# Squeaks!



## Bella (Aug 15, 2010)

Yes, finally!  I checked on my girls when I woke up this morning and heard little squeaks from the Himalayan's tub.  I did a quick peek through the top of her igloo and see little pink squirmies! I am giving her plenty of time before I take a real look and find out numbers, though. I will have pictures when I do check though!
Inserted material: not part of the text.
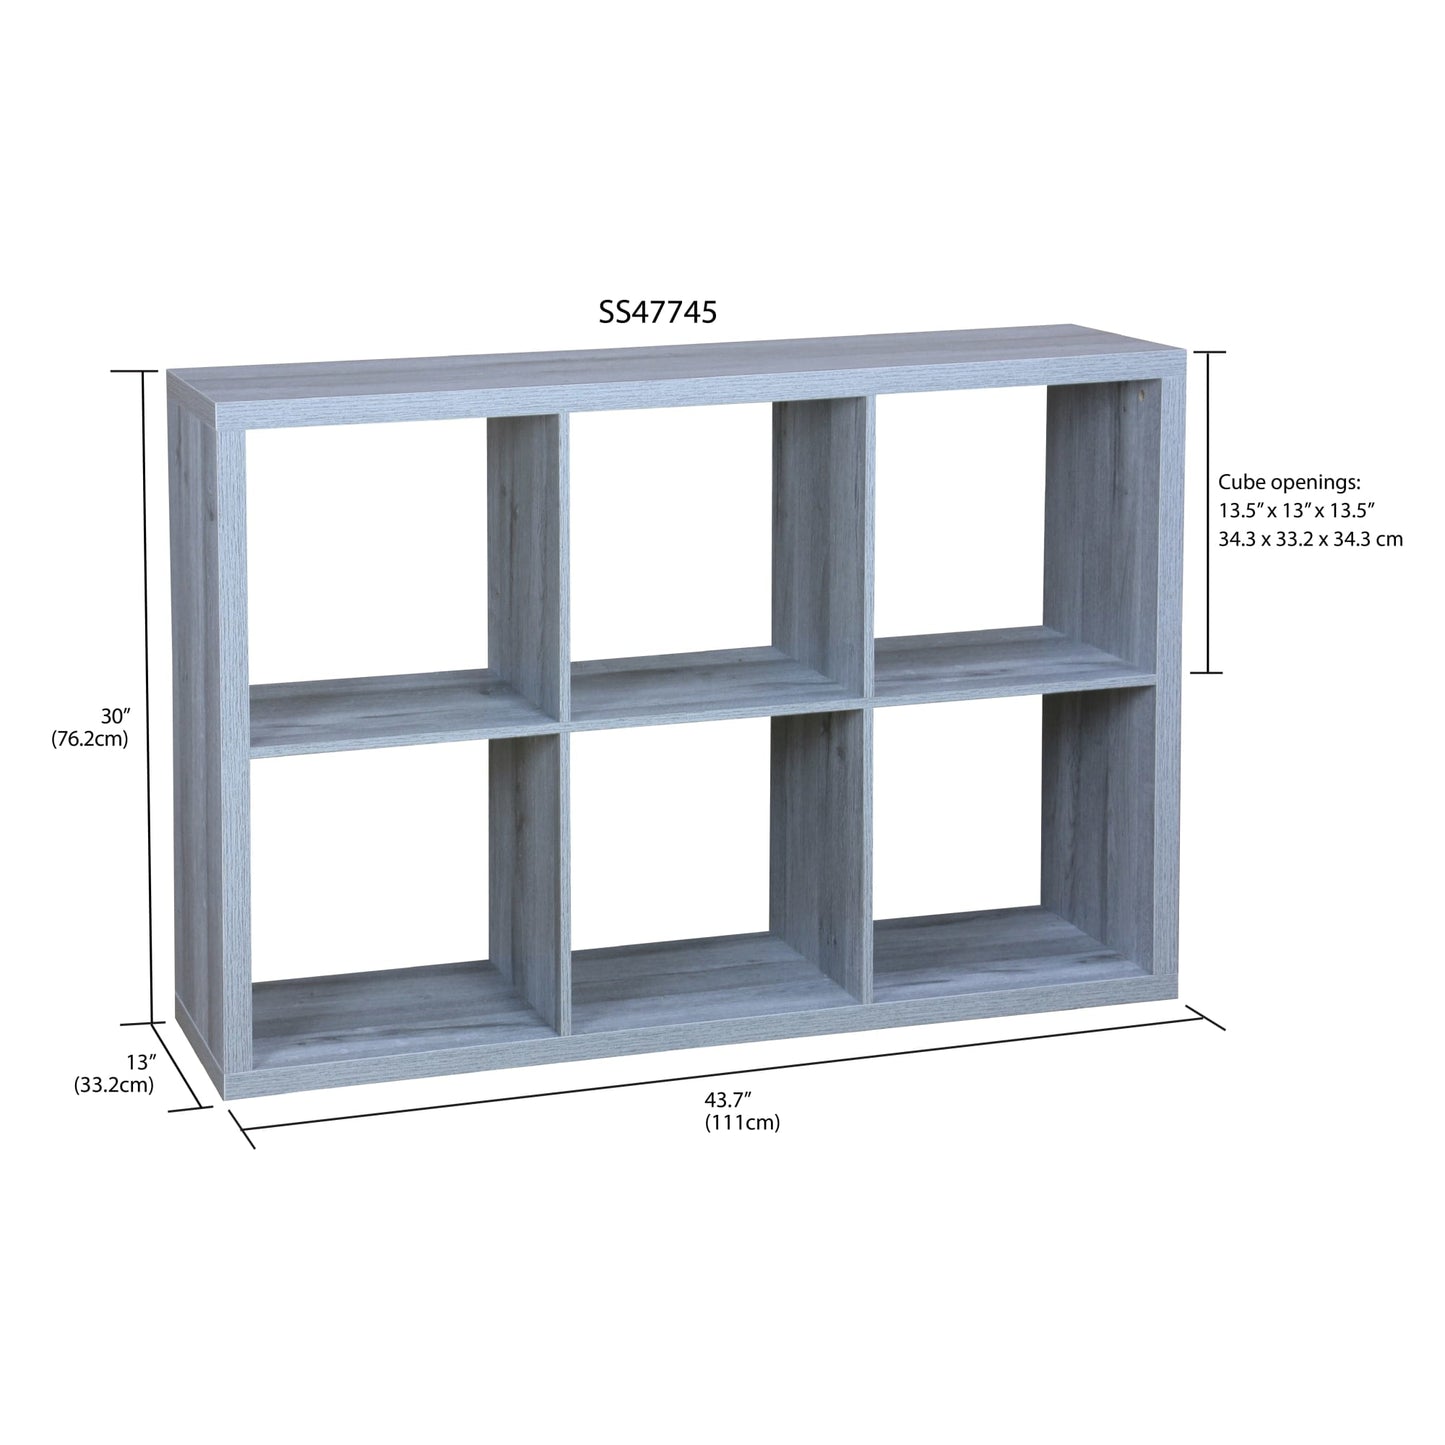 6 Open Cube Organizing Wood Storage Shelf, Grey

Yay!!! I thought I'd never have babies! 

ETA: bethmccallister - you were exactly right on your estimate of four days. How in the heck did you do that?!


----------



## geordiesmice (Oct 26, 2010)

They breed like Mice lol


----------



## GypsyTails (Jul 14, 2010)

Yay, baby time! Congrats! Hope to see baby pics in time!


----------



## kerryann (Oct 4, 2010)

congrats bella


----------



## Bella (Aug 15, 2010)

I stole a peek! No touching yet though, so can't say how many there are.


----------



## kerryann (Oct 4, 2010)

yey pinkies!!!!


----------



## countrygall721 (Oct 26, 2010)

Aww pinkies! :lol:


----------



## Bella (Aug 15, 2010)

Aren't they so cute? XD I'm so excited to see what they come out looking like.


----------